A quickly answered fervent prayer

Yesterday it took three adults (Mark, Dad, Mom), one dog (unhelpful), a wheeled office chair (helpful), and lots of pauses to get me out of the house and into Mom’s waiting car. During one pause we held hands in the kitchen and Dad prayed…strength for today and hope for tomorrow.

By the time my overburdened Sherpa (Mom) and I had made it to my regular treatment chair I had risen from my wheelchair twice…once to get weighed and once to transfer from my wheelchair to regular chair. I was getting my blood pressure checked so I asked for my pulse ox. It was at 79. I was immediately given more oxygen and my nurse came down for a consult.

Mark and I had a pretty scary time this weekend not knowing what to do when I couldn’t catch my breath, my heart was racing, and I was throwing up. We were rather at a loss. Getting me to the ER seemed like quite an endeavor and we weren’t even sure what they would do there. Eventually the panic passed and I was able to breathe in bed.

We told my nurse about all this and told her that my Doctor Uncle George suggested we look into palliative care. So shortly after our debriefing with my nurse, she got us a referral for a palliative consult.
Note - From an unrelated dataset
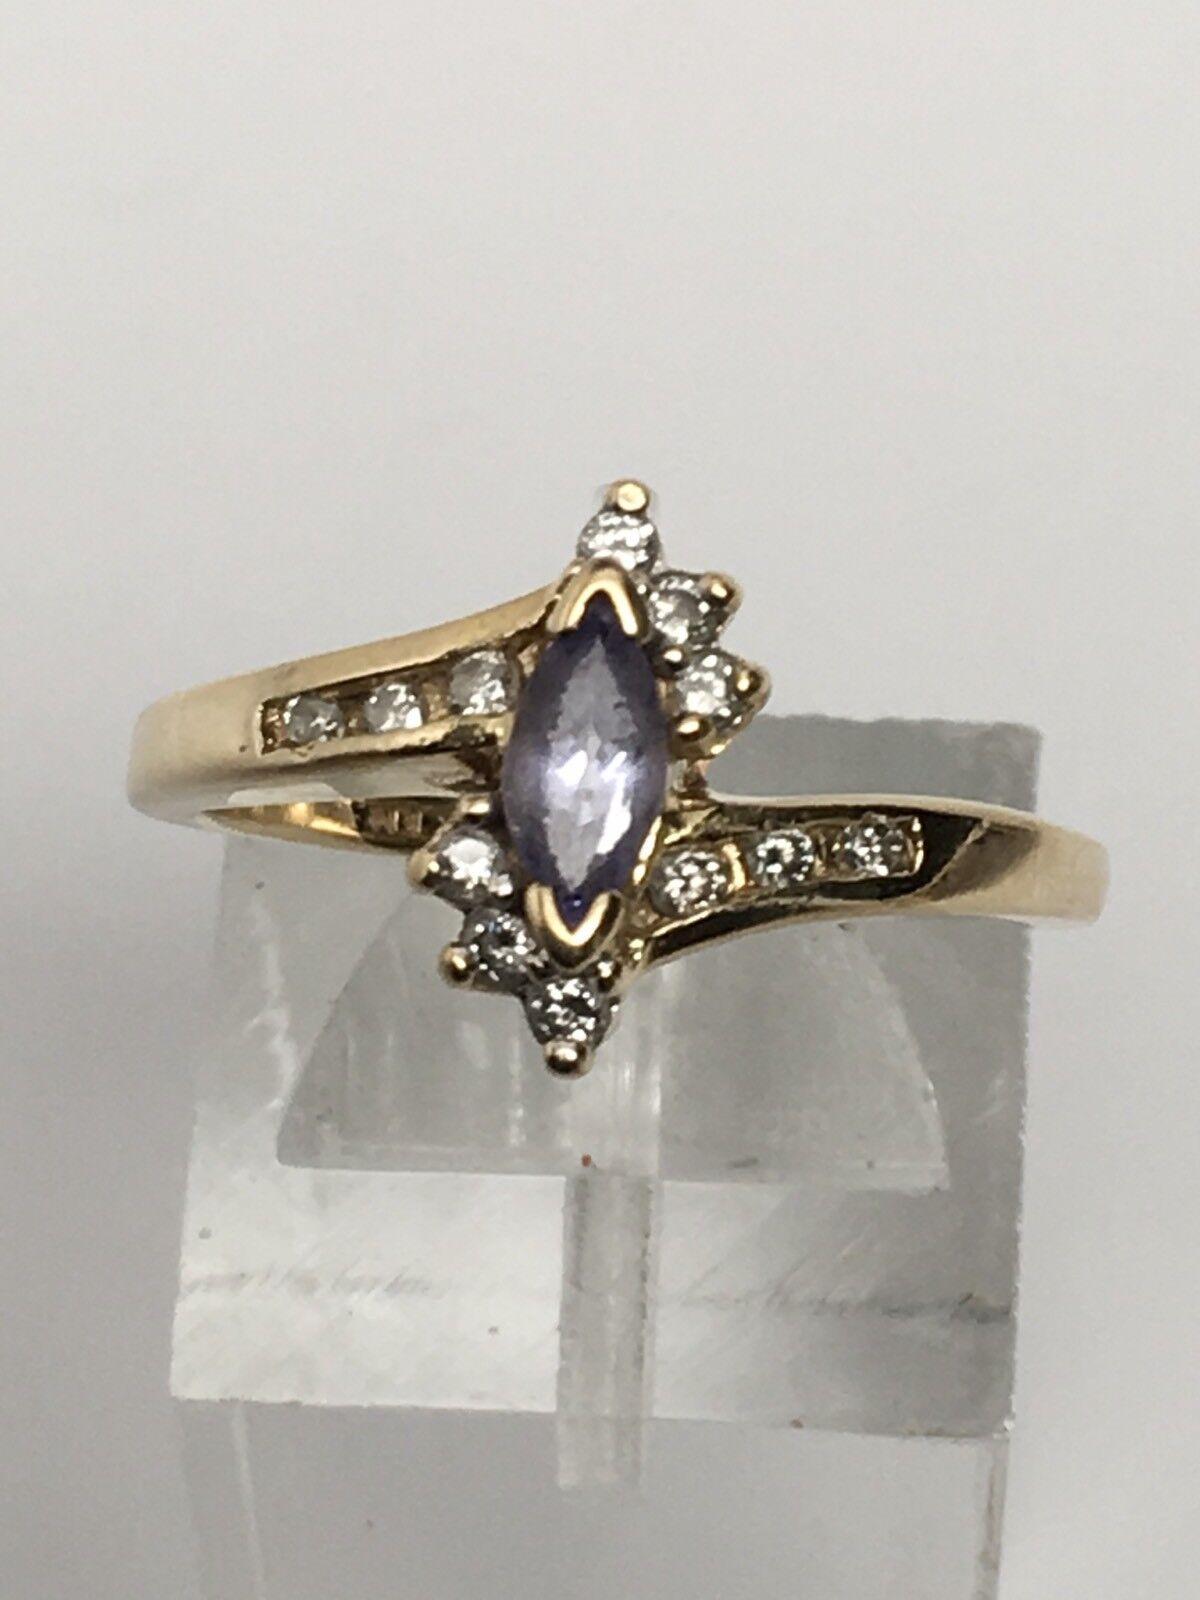 14K Yellow gold Marquise Shape Tanzanite and Natural Diamond Ring Size 6.5

This is where our prayers were answered. At the end of treatment I met Dr. Mulder who happened to be in the building and happened to have a cancellation. Dad was able to be there along with Mom and me. Dr. Mulder’s expertise is palliative care and he immediately switched my pain meds to help my breathing and my appetite. His manner was perfect. He was doctor and pastor in one. He also prescribed a steroid to help my breathing. I’m also on a bit more oxygen.

He thought I would see a difference within a week, perhaps days. This morning I came downstairs unassisted and took up residence in my favorite chair. Mom was a little floored. I have had very little gasping for breath and can walk where I need to, if slowly.

This gives me great hope that I will feel comfortable during the holidays while my new chemo gets going on those cancer cells. Thank you dearly for all of your prayers.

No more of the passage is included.